A Letter from the Executive Director

 
The Maine Humanities Council brings people and ideas together to encourage a deeper understanding of ourselves and others, fostering wisdom in an age of information, providing context in a time of change.

If life is short, why waste your time wondering if Elizabeth Bennet will marry Mr. Darcy? You could be spending your time in school far more profitably by learning something useful instead of reading Jane Austen.

That seemed to be the message from the director of a local technology center quoted recently in the Maine Sunday Telegram: “In today’s world,” he said, “high school students must speak and communicate effectively, not be able to dissect the plot and characters of a great novel.” He complained of a “terrible mismatch” between traditional humanities courses and “the skills students need to be thinkers, inventors and innovators.” If schools continued as they were, he warned, we would not be competitive in the global economy.

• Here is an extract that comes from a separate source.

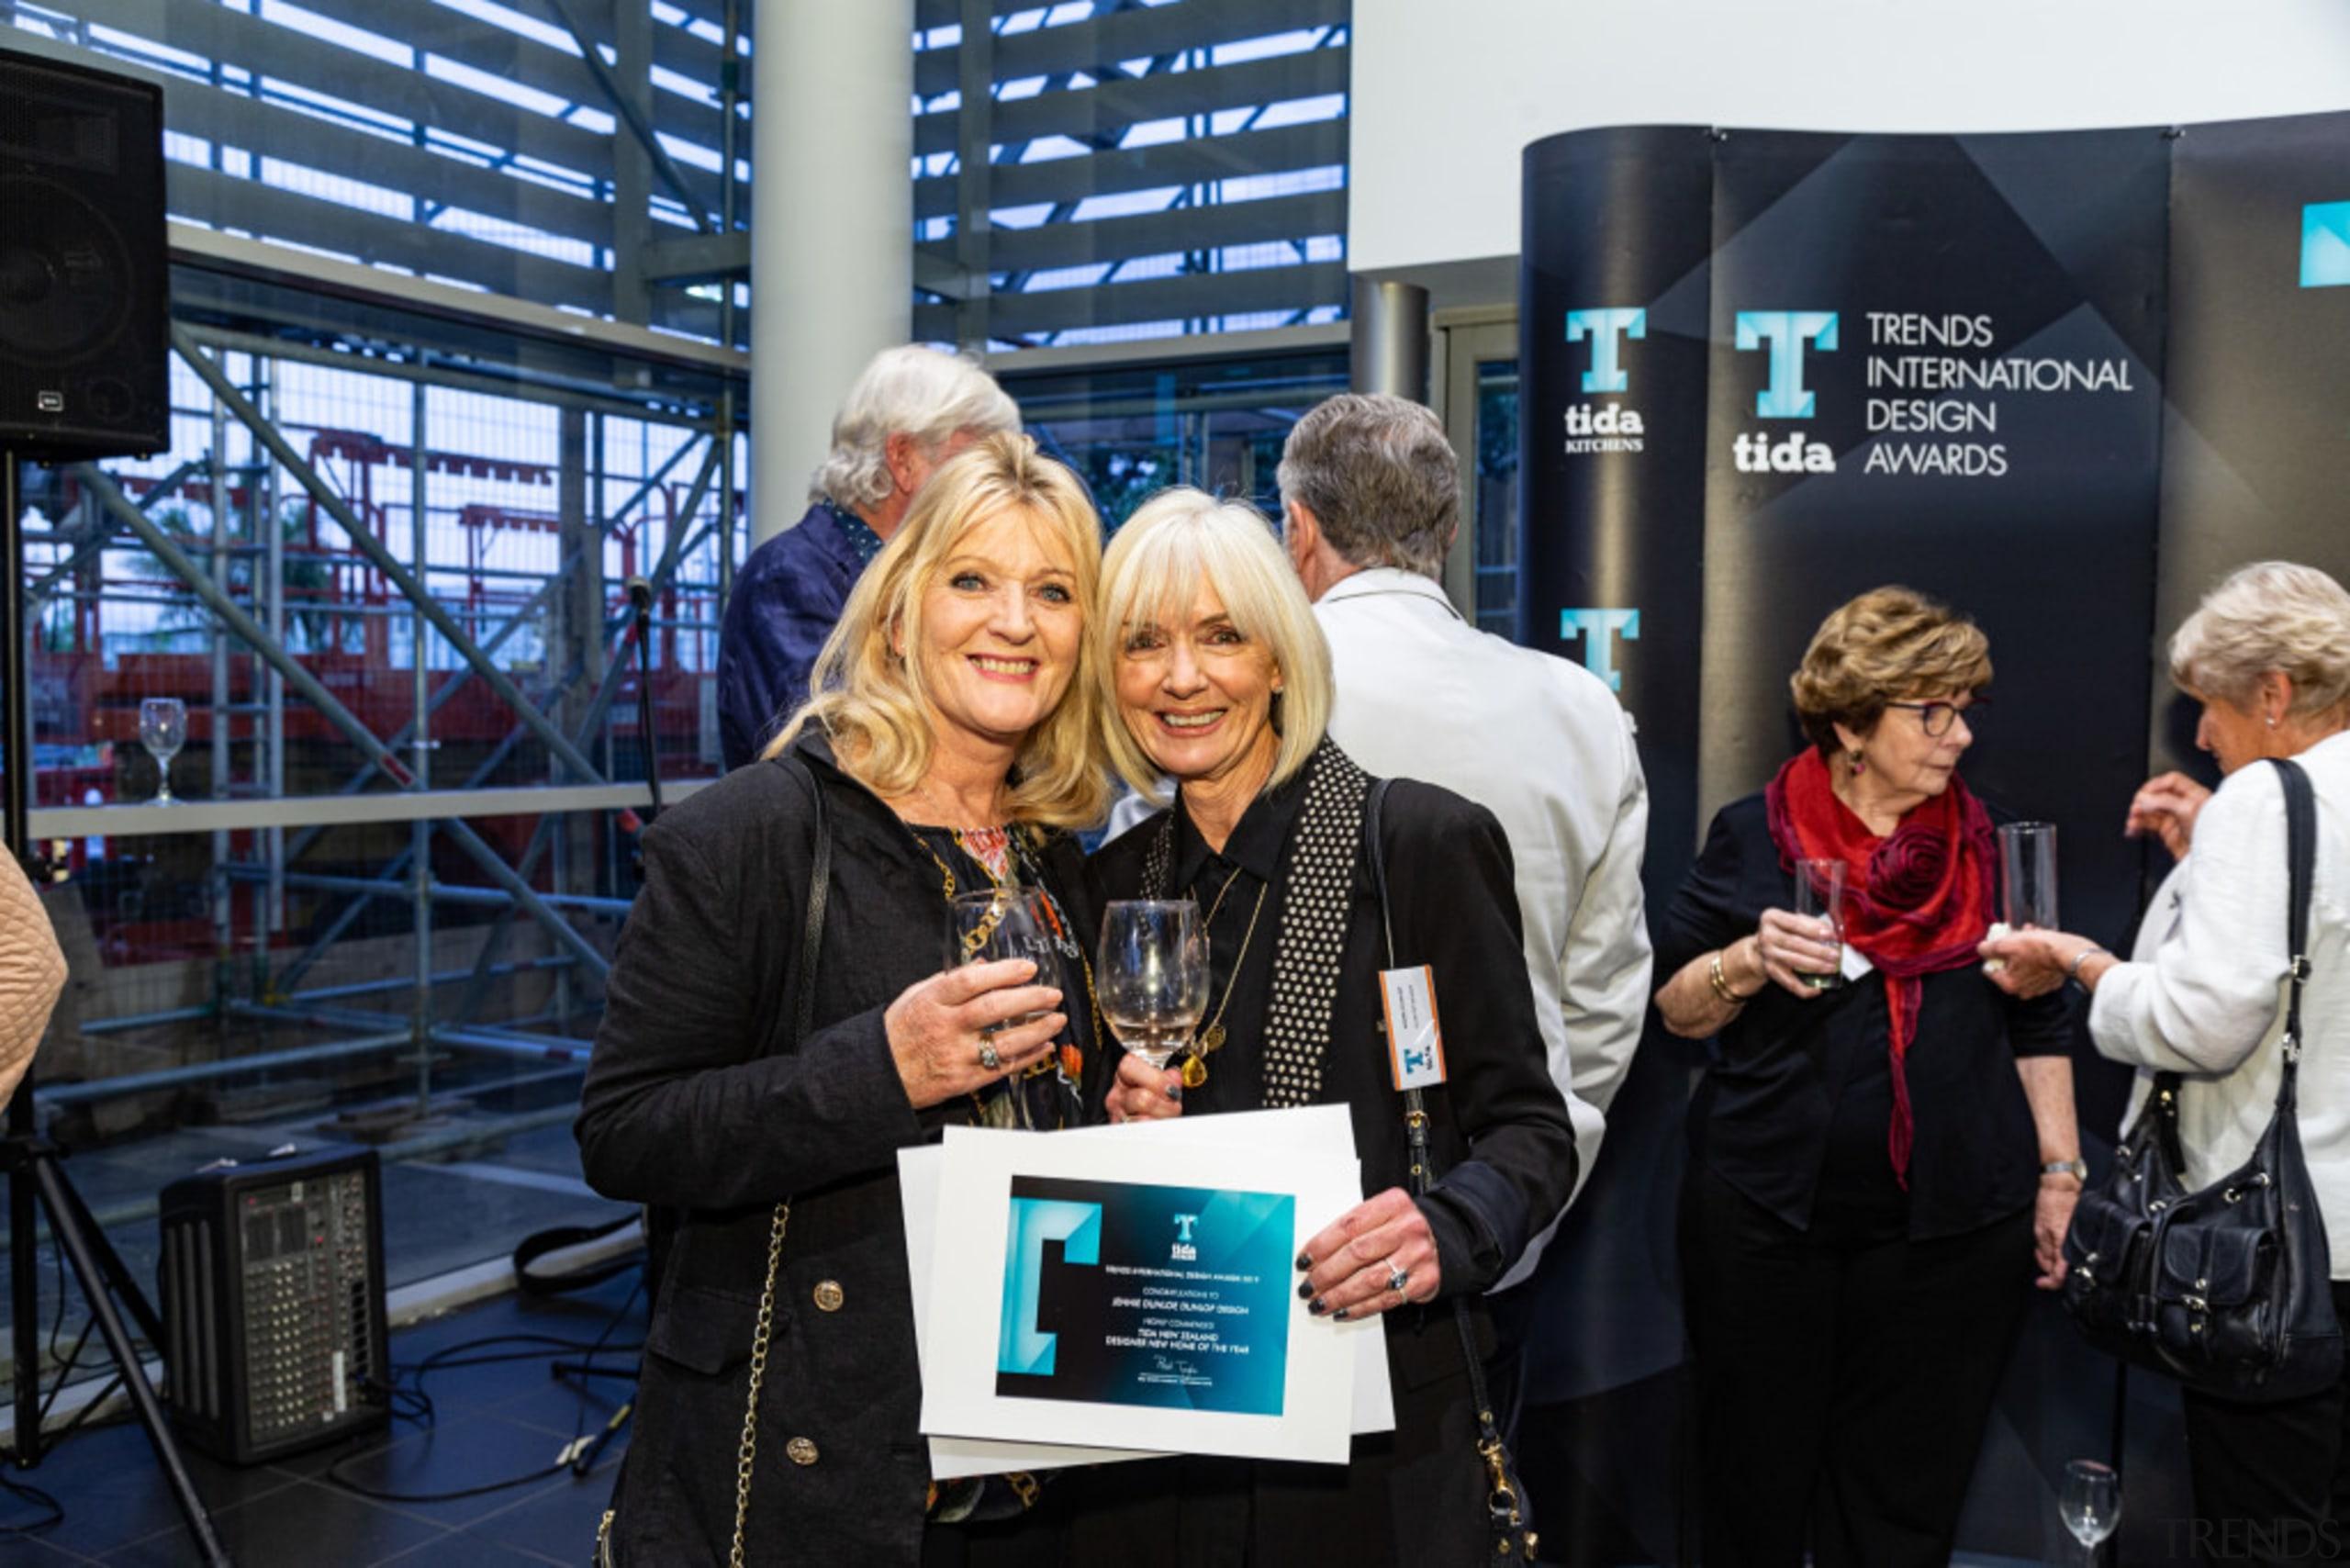 2019 TIDA New Zealand Homes presentation evening display device, event, job, product, technology, tourism, black

The speaker had every good intention, but he falls into a trap that goes back at least as far as the ancient Greeks: the urge to privilege know-how over understanding. On the contrary, we learn how to be citizens by studying history, and we may learn some valuable lessons about how to live our lives by studying—and discussing—imaginative literature. (Jane Austen may be of some assistance there.) Of course there are different types of intelligence and different styles of processing information. And obviously “old” subjects can be taught in interesting new ways. But to dismiss the humanities tradition in favor of “practical” education raises troubling issues. It suggests that art, literature, music, drama, history are the playground of a leisured few. Two hundred years ago, that was largely true. But the American ideal—however inadequately we’ve been able to realize it—is based on the radical notion that all young Americans deserve an education of the highest possible quality.

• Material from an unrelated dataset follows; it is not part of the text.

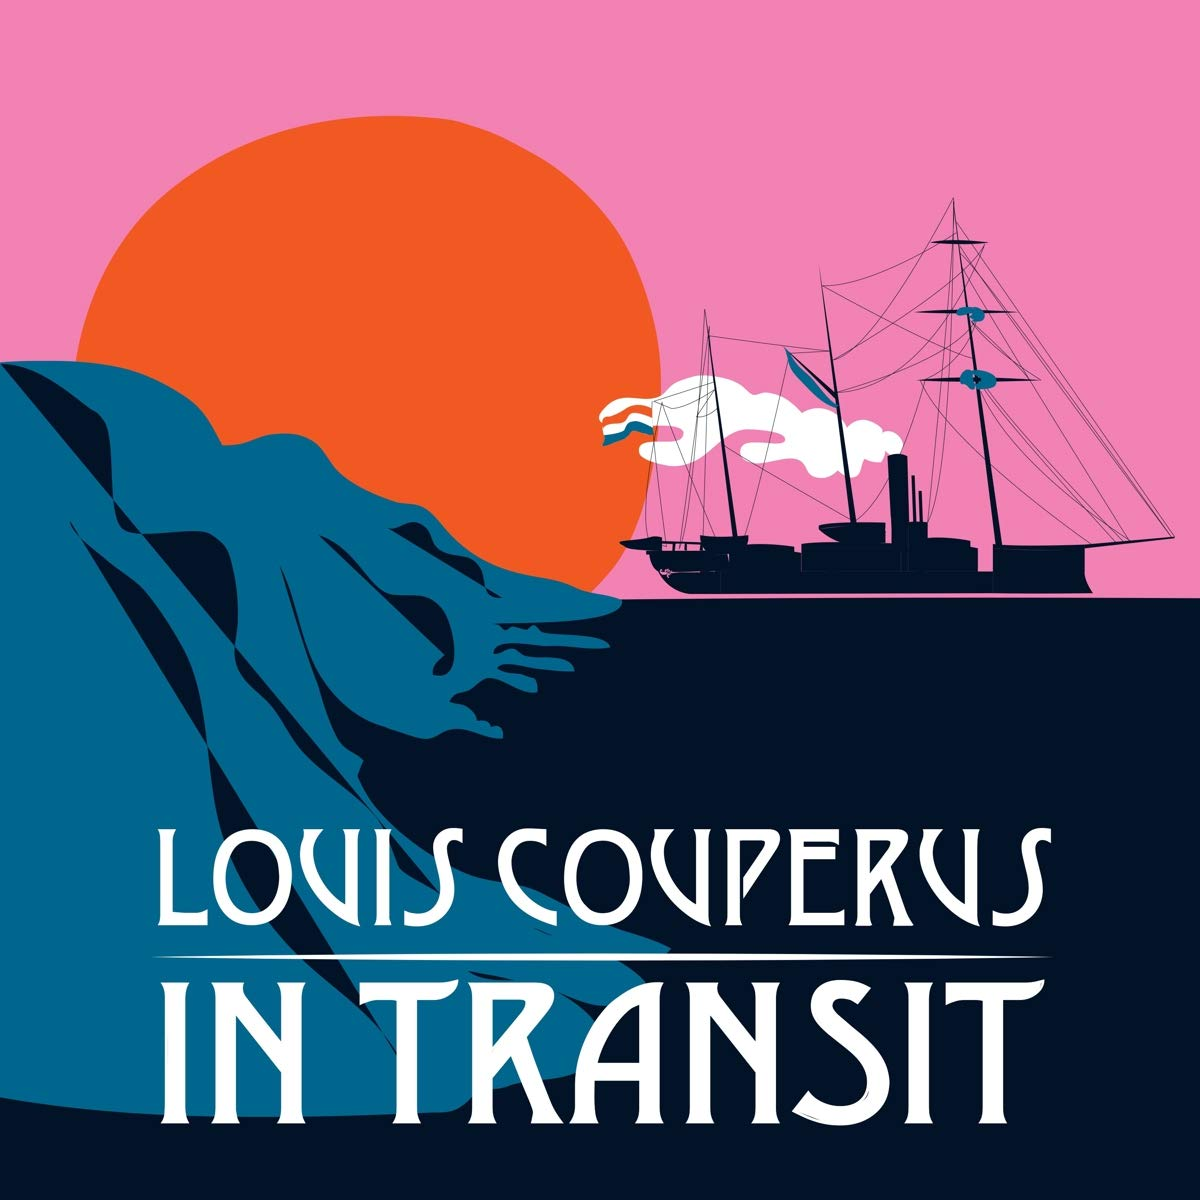 Louis Couperus In Transit artwork

The Maine Humanities Council brings people and ideas together to encourage a deeper understanding of ourselves and others, fostering wisdom in an age of information, providing context in a time of change.

As a printmaker, I certainly value “hands on” learning. I’ve spent hours exploring the complicated, time-consuming techniques of getting ink onto paper—with the help of brush and burin, knife and printing press. Yet for all the technological skills that artists acquire, there would be something lacking in their work if it were created in a historical vacuum. We need to learn the many ways in which other artists, past and present, have used their medium to express their concerns and responses to the world around them. Is this know-how or understanding? I think it’s some fruitful combination of the two.

As for competing in the global economy, I’d like to suggest that you speak to teachers who have taken the Council’s annual Views of the East professional development seminar. This intense, 30-hour program, undertaken in partnership with the World Affairs Council of Maine, focuses on China, Japan, and Korea, including their economic and technological development. But it also introduces the history, religions, arts and crafts, and Confucian world view of these countries—and it suggests that some knowledge of all these inter-related things is the beginning of wisdom when it comes to understanding East Asia. Why don’t we apply the same lessons closer to home?